Tying Has Gone Down the Tubes

A few years back, based primarily on the need to find a way to huck big bass poppers with my fly rod
Tube fly, popper style
without having to worry about gigantic hooks, I made the dive into tube flies. Once I started messing around with tubes, it really opened a whole new world of tying for me and has helped me produce some effective patterns over the years. And given some of the factors we'll go into here, it's definitely a tying method you should not be ignoring.

Besides an excuse to buy more fancy tools and materials, there are some definite advantages to tube flies -- regardless of the specific patterns you'll be whipping up.

First off, and this is the biggest advantage from my vantage point, you can tie a fly with a much bigger and longer profile without adding the weight and worry of a large hook. For me, it was the need to cast some bigger salt-water poppers.
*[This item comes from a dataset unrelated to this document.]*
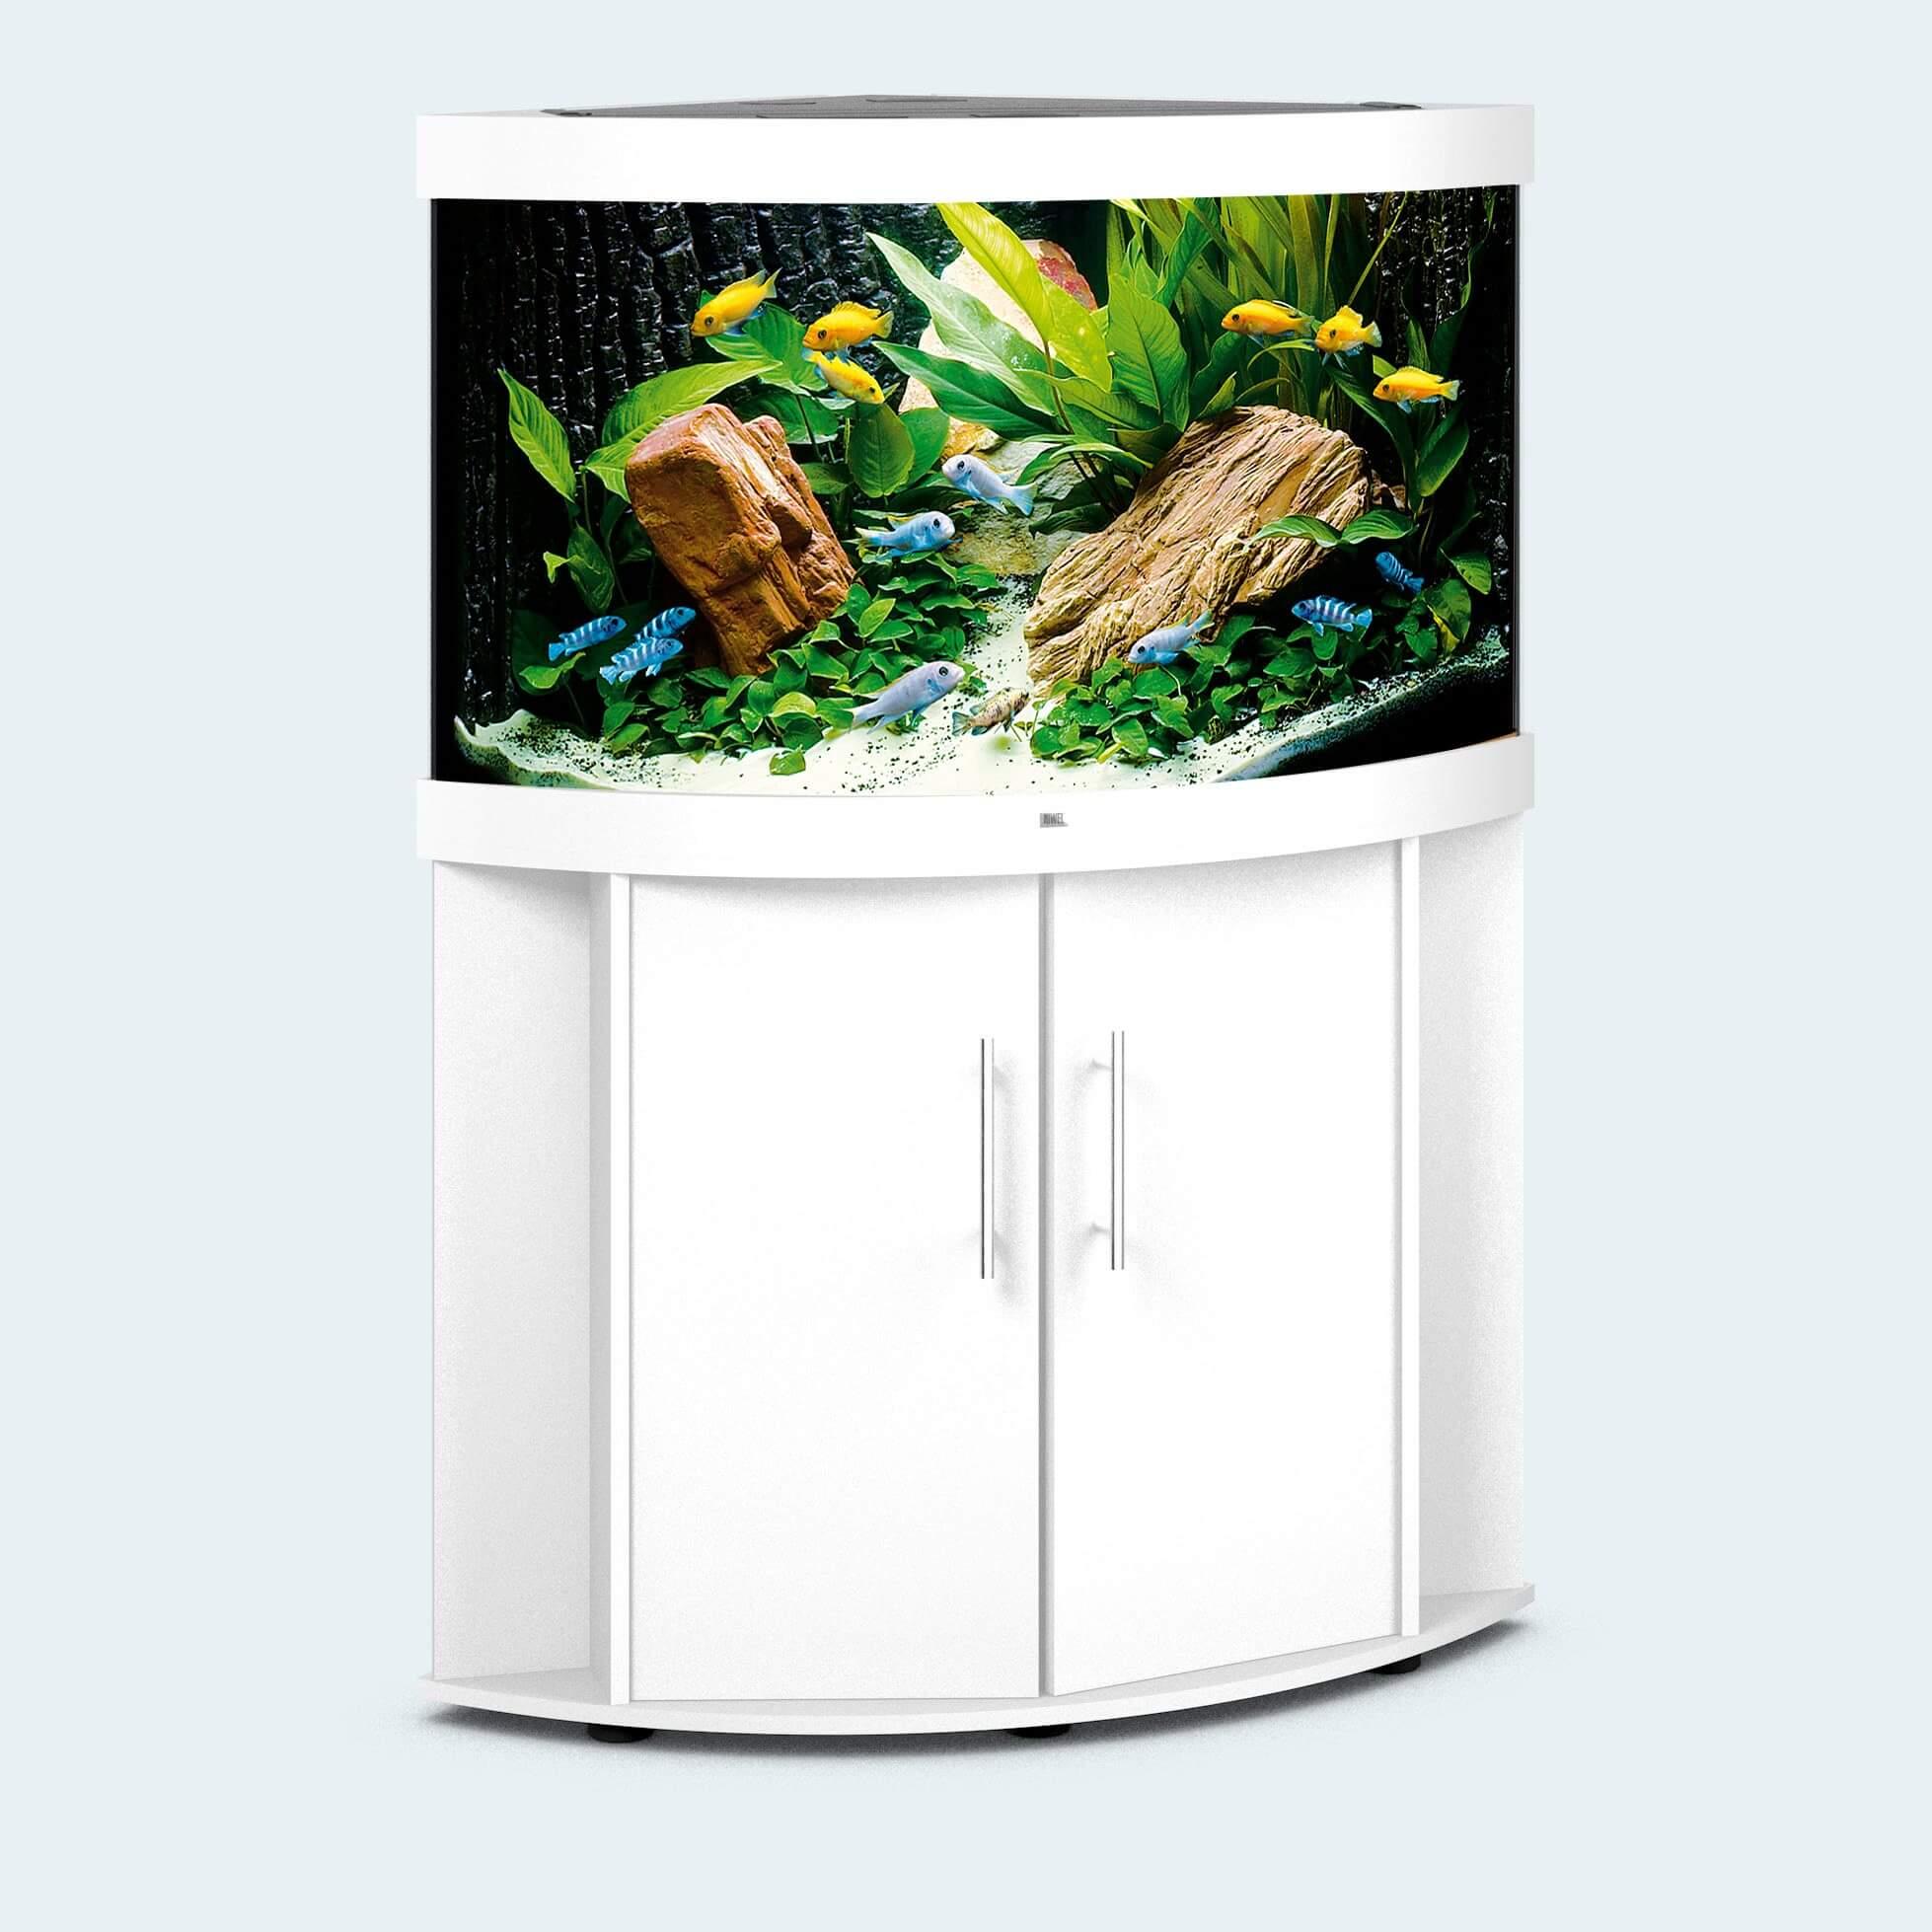 Aquarium Juwel Trigon 190 Led Blanc 389 52
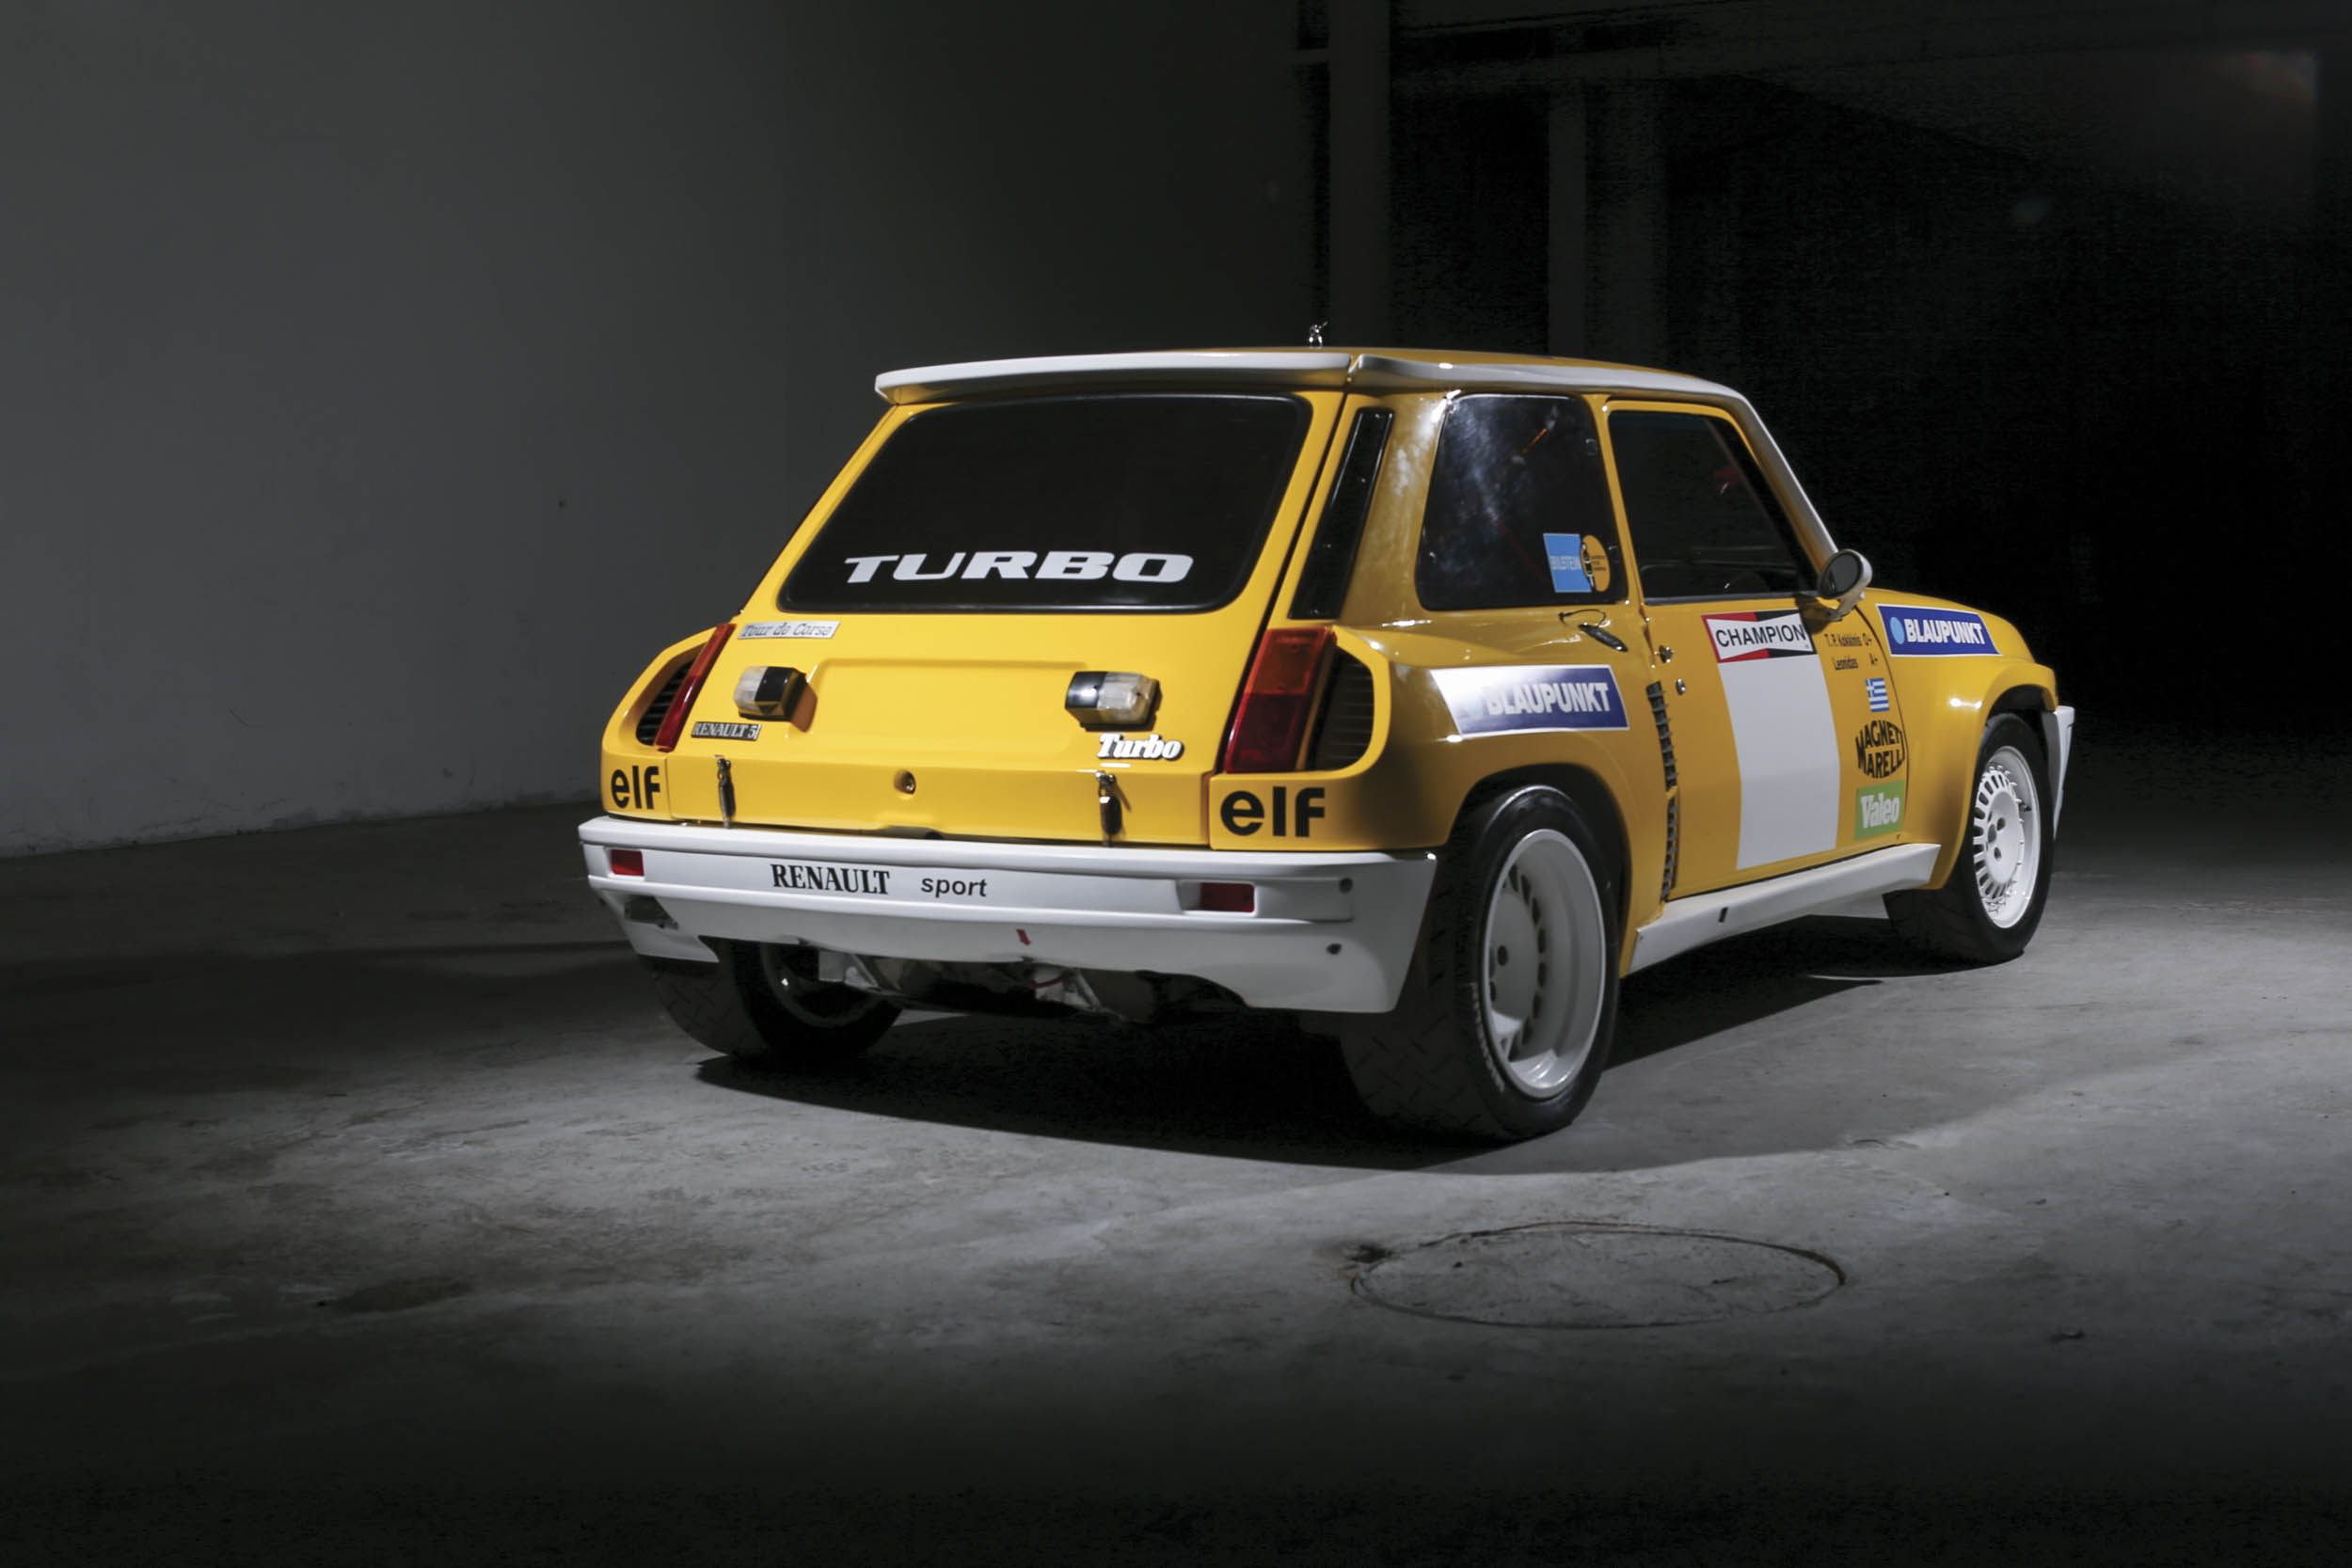 1980 Renault 5 Turbo rear 3/4

When I got into the size hooks that would match the big poppers, I was looking at something that turn my popper into something akin to a hand-grenade (not to mention the cost of the bigger hooks). With tube flies, on the other hand, you can really mix and match the sizes and hook types since you're not constrained to have to build the fly onto the hook itself. You can create enormous profile flies and pair them up with smaller hooks that will still pierce flesh and land even the biggest fish.

Baby brown trout tube fly

The second advantage you might see is the "leverage factor". (And I know this is a somewhat arguable point, but let's roll with it anyway). Let's say you're fishing a big streamer or even a big steelhead pattern with a very long shank hook. A basic rule of physics shows us that the longer the shank, the more leverage there will be for the fish to fight as you bring it in. Tube flies, on the other hand, are most often short-shanked thicker wire hooks that reduce the amount of leverage any fish might gain on you with bigger patterns.

Purple Midnight Fire Streamer

Not only will the shorter hook shank reduce leverage, the hook will often separate from the tube when fighting a fish, which keeps it out of some gnarly mouthfuls of teeth. Even if the tube doesn't separate from the hook, you can easily slide it out of the way and remove the hook without fear of damaging a nicely tied steelhead or salmon fly in the process.

Weedless hook on a Deflectinator
Another advantage I've found is the ability to use different style hooks -- especially weedless style bass hooks -- that allow me to mix and match hook styles to a given condition while my pattern remains the same. With this handy trick, I can tie on a wacky weedless drop shot hook and voila, my fly is instantly weedless. This applies to streamers, poppers, big nymphs or anything else you might want to use as a weedless pattern. You can also use this hook-swapping method to "weight" your patterns differently by using a heavier or lighter hook as needed.

And last but not least, because I can keep my tube flies stored without hooks, I can literally stick a pack of hooks and a bunch of tube patterns in my pocket and not worry about having to throw them into a box. In fact, my tube fly "box" is officially a ziplock bag that I can store almost anywhere without taking any space. Cheech makes fun of my "box".